Entretanto, o messias não agradou a todos. Dois ou três dos vereadores se colocaram como oposição. Um deles, mais atrevido e jornalista, não esperou o inicio do mandato para começar a contestar a nova ordem. Todo dia santo fazia uma menção a quem acunhou de Jagunço Mor, e todo dia é dia de santo.

“Caiu o Rei dos reis e assumiu o Rei dos facínoras”.

“Saem as alianças e os conchavos e entram as tocaias e reparações. Oficializamos o cangaço, o banditismo. Quem está feliz dê um tiro para cima ou em quem não está”.

“Quando ocorrer uma votação de um projeto oriundo da prefeitura seria prudente os subalternos do Jagunço Mor deixarem suas peixeiras e suas garruchas à porta. Afinal, não queremos profanar o sagrado recinto da casa do povo com machas de sangue e buracos de balas”.
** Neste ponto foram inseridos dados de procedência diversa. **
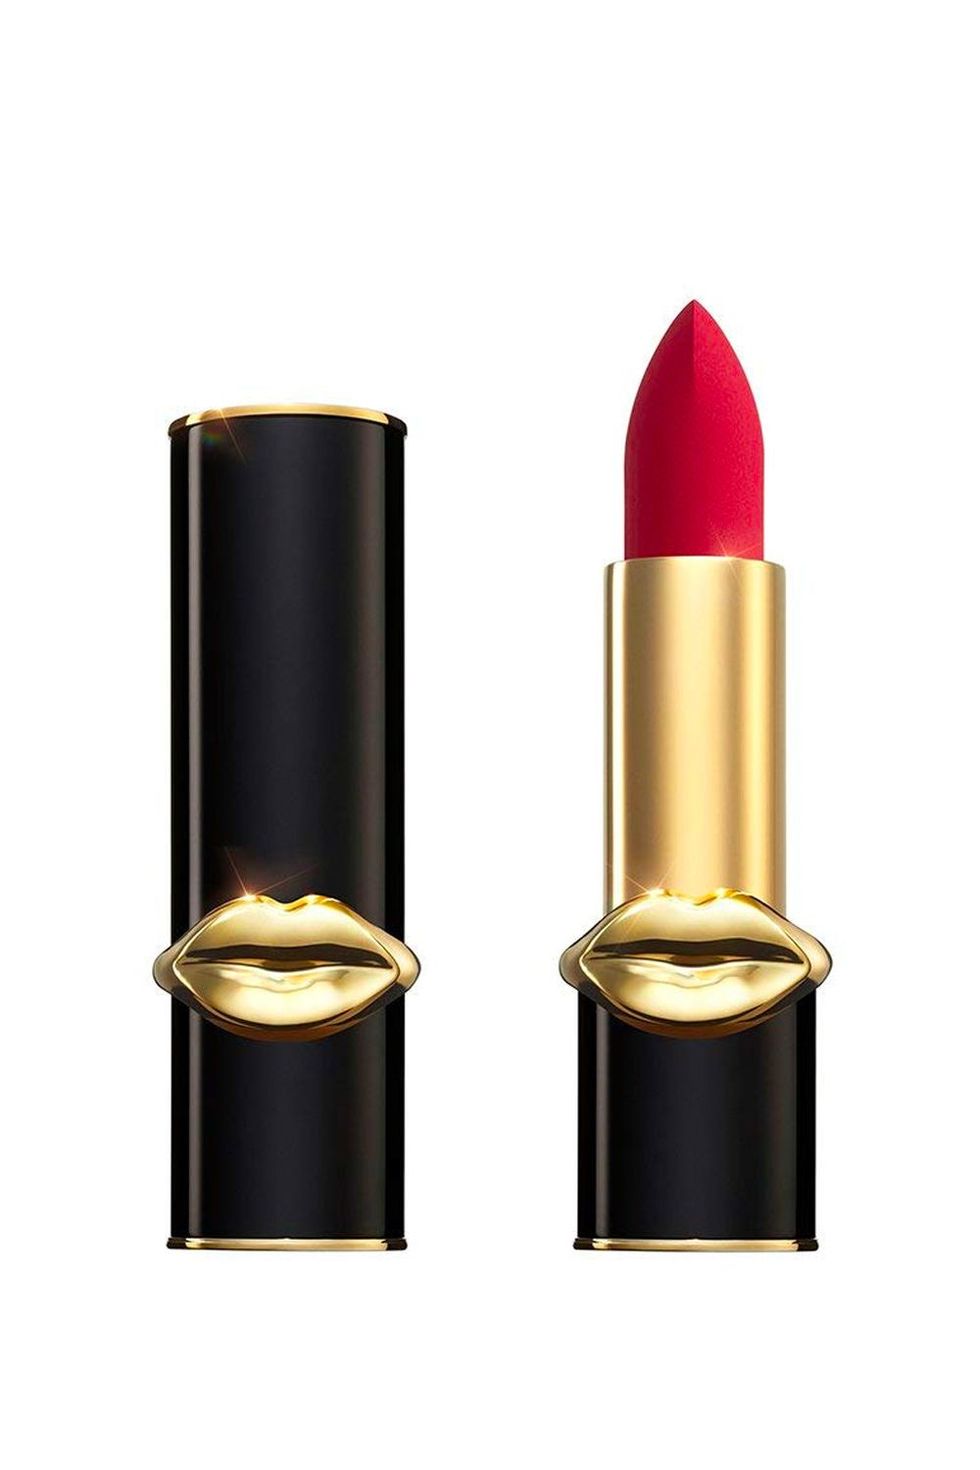 Lipstick - Wikipedia

“Proponho que antes da próxima legislatura pinte-se as paredes da Câmera de vermelho, assim não será preciso lavá-las a todo instante. Temos de mostrar um pouco de civilidade. Não queremos chocar as almas sensíveis, além disso, é ecologicamente sustentável, pois se economizará água. Ah, claro, deve-se pintar o chão, não podemos esquecer que líquidos escorrem para baixo. Recomendo também pintar o teto, nunca se sabe a que altura um esguicho pode chegar. Evidentemente, o móveis também não podem ficar de fora”.

Esses trechos de colunas são apenas uma pequena amostra das duras críticas feitas ao prefeito eleito que por sua vez não apreciou a existência dessas linhas. Em uma reunião política fez um comentário sugestivo que preocupou o senador eleito Carlos Mascarenhas Reis. Este foi ao primo, Adriano Mascarenhas Heinz e lhe confidenciou.

– É preciso amansar a fera, limar suas garras. Ele precisa entender que os tempos são outros. Não se pode ficar resolvendo tudo à bala.

– Calma, dê tempo ao tempo, ele nem assumiu ainda.

Ainda antes da pose, no mês de dezembro, andando junto da praça Gideão encontra o seu novo desafeto e não hesita, como é de seu feitio.

– O senhor anda me afrontando. Se tem questão comigo diga logo qual é!

– Minha questão é a sua biografia, o senhor ser quem é, não é compatível com o posto que virá ocupar.

– Pare com esse palavrório que não é coisa de homem. Diga as coisas às claras, na minha cara.

– Não acato ordens do senhor, nada tenho a lhe dizer e escrevo para quem me lê. Se meus textos o incomodam tanto não os leia.

– Olhe aqui, seu ladino, comigo desaforo e desfeita tem resposta. Não sou homem de fingir que não sei o que sei.

– Digo o mesmo. Ademais, não tenho medo do senhor, fique sabendo.

– Melhor assim. Então se paramente, pois desprevenido não mais está.

Gideão chega em casa exalando guerra, lá, como já agendado, o espera Adriano. O advogado pergunta o motivo do desassossego e Gideão fala do encontro na praça. Meticulosamente inicia a doma e fala em temperança, que as colunas jornalísticas são motivo para riso e não irá.

– O coitado está sozinho, que dano pode causar?

– Ora, doutor, ele intica e vou deixar passar? Se faço isso que respeito vou merecer?

Adriano Mascarenhas Heinz percebe que o laço não pegou e muda de assunto, aborda o futuro, não o imediato, mas o pouco mais adiante.

– Governador?

– Sim, terá o apoio de Carlos, afinal sem você não estaria eleito, está em dívida. Depois isso é seguir o curso natural. O senhor que tanto entende de natureza há de convir. Veja o rio, sua origem é no sertão, mas seu destino é o mar. Já dizia o poeta, quem sabe profeta, João: “Como aceitara ir no meu destino de mar, preferi essa estrada, para lá chegar, que dizem da ribeira e à costa vai dar, que deste mar de cinza vai a um mar de mar, preferi essa estrada de muito dobrar, estrada bem segura que não tem errar pois é a que toda a gente costuma tomar”. O senhor vai querer contrariar o destino?